Anggota Dewas KPK Albertina Ho mengaku pihaknya mempersoalkan proses seleksi itu karena banyak dari pegawai KPK yang terseret kasus pungutan liar (Pungli) di rumah tahanan (Rutan) KPK, merupakan PNYD dari lembaga lain.
Adapun PNYD merupakan PNS dari instansi lain seperti Polri dan Kementerian Hukum dan Hak Asasi Manusia (Kemenkumham).
"Itu yang saya tanya juga, kenapa hasil tes seperti itu," ujar Albertina kepada wartawan, Kamis (28/3/2024).
Baca juga: Anggota Polri Terlibat Pungli di Rutan KPK, Dijatuhi Sanksi Berat oleh Dewas
Keberadaan PNYD dari instansi lain di KPK belakangan menjadi sorotan karena dianggap membawa "penyakit".
Sejumlah kasus pegawai KPK yang menjurus ke tindak pidana korupsi dilakukan oleh PNYD seperti dari Polri dan Kemenkumham.
Albertina menuturkan, pihaknya tidak bisa melarang KPK mengambil PNYD dari instansi lain. Wewenang itu ada pada pimpinan lembaga antirasuah.
"Dewas hanya sebatas memberikan rekomendasi, memberikan saran kepada pimpinan," ujar Albertina.
Mantan Hakim Pengadilan Tindak Pidana Korupsi itu mengaku pihaknya telah meminta pimpinan KPK memperketat pengawasan internal.

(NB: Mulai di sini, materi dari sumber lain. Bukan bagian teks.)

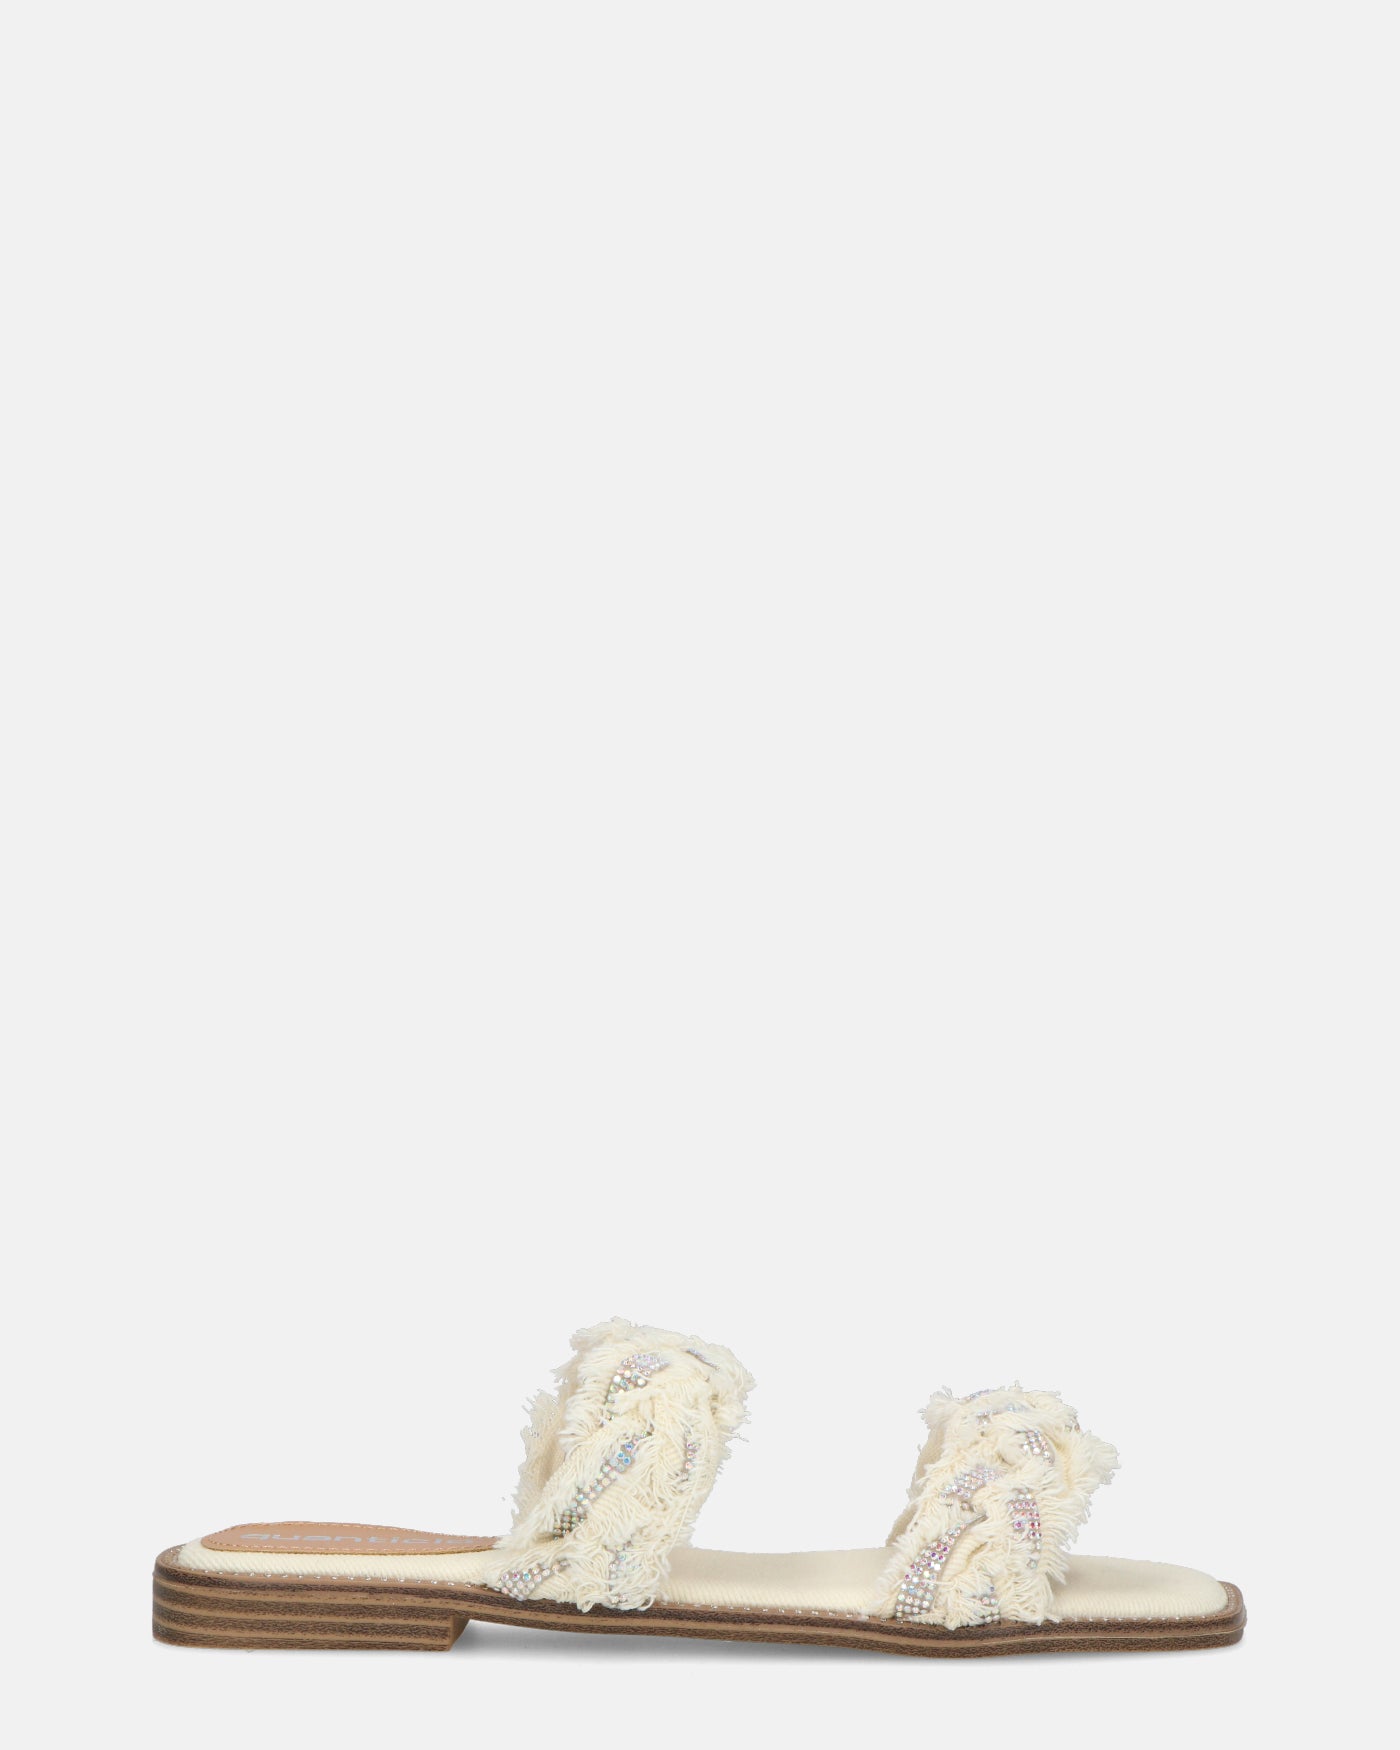 KALI - sandali in tessuto beige chiaro con gemme
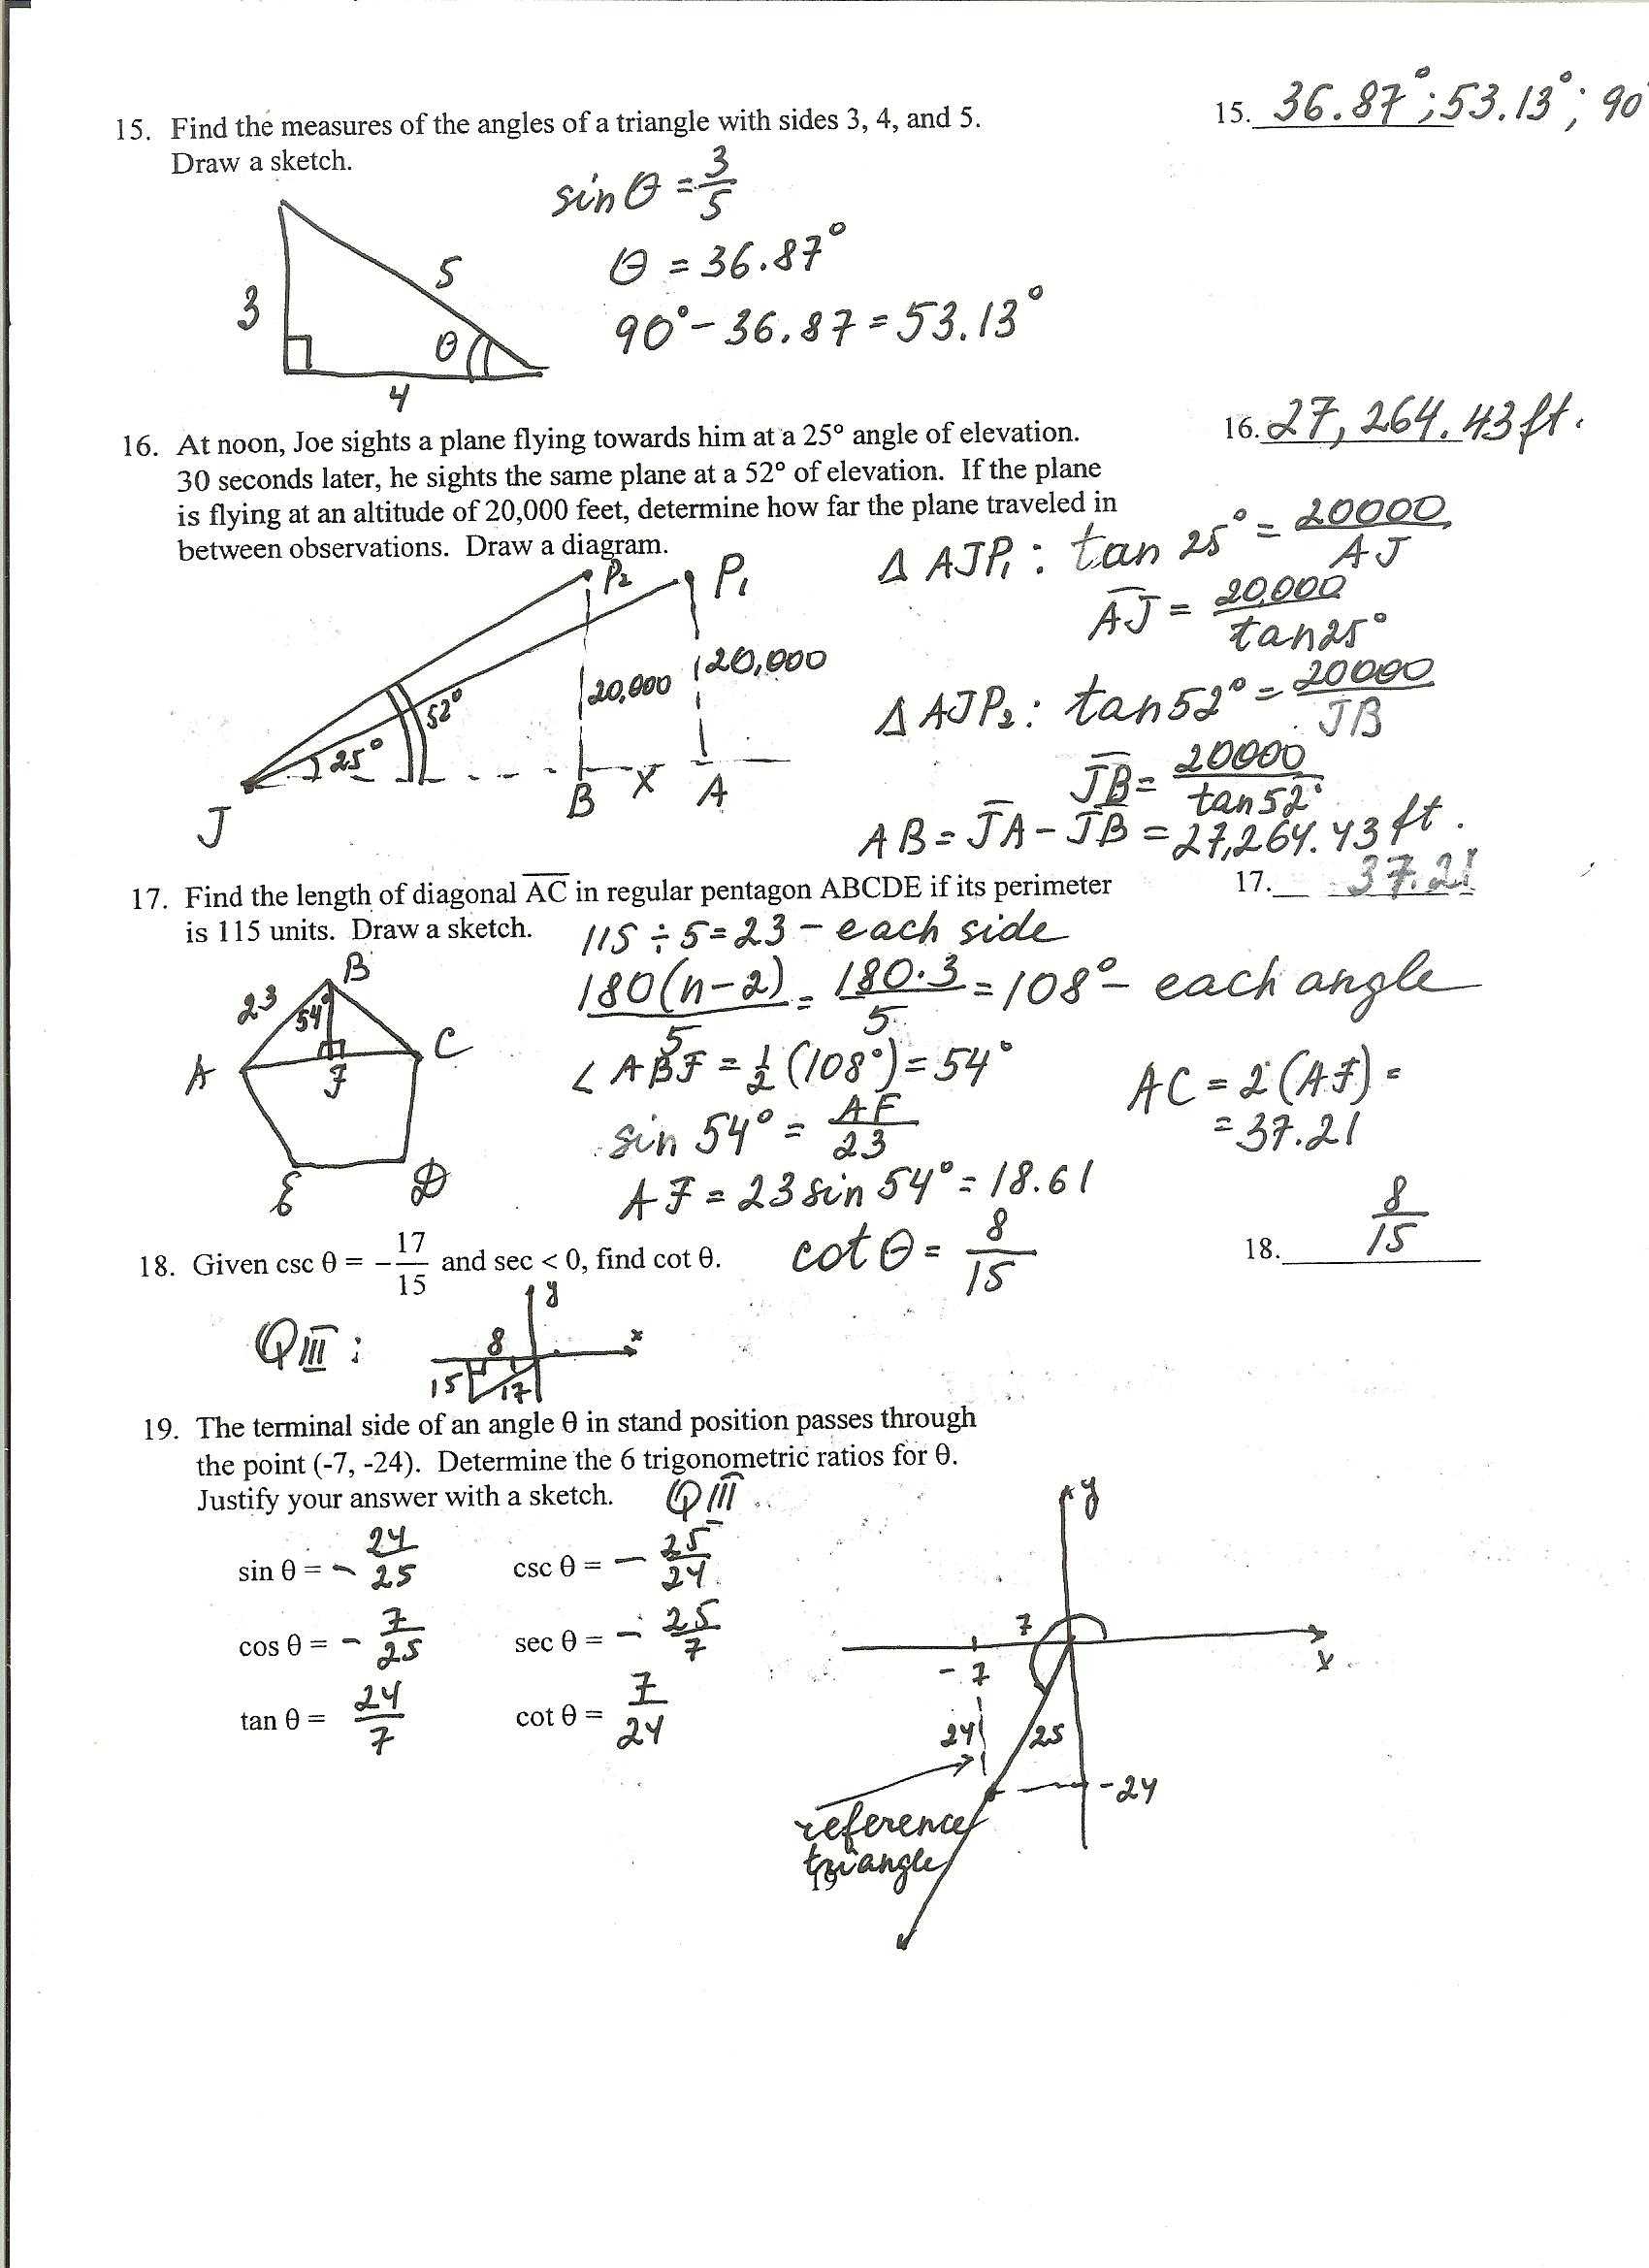 Extended Algebra 1 Functions Worksheet 4 Answers or Precalculus Honors

Baca juga: Sekjen KPK Akan Tentukan Sanksi untuk 76 PNS yang Terlibat Pungli di Rutan
Salah satunya dengan pengawasan melekat dari pimpinan hingga struktur di bawah.
Pihaknya juga berharap dalam waktu ke depan seleksi untuk menjadi Insan KPK lebih ketat.
"Mungkin supaya menyaring yang masuk di sini betul-betul yang punya integritas yang tinggi," tutur Albertina.
Sebagai informasi, kasus pungli di Rutan KPK pertama kali diungkap oleh Dewas. Dugaan praktik korupsi itu sudah terjadi sejak sekitar 2018 hingga 2023.
KPK kemudian mengusut kasus itu dari tiga sisi yakni etik oleh Dewas, pidana oleh Kedeputian Penindakan dan Eksekusi, dan disiplin oleh Sekretariat Jenderal (Setjen).
Dalam perkara etiknya, Dewas telah menyidangkan 93 pegawai. Sebanyak 81 di antaranya dihukjm sanksi etik berat.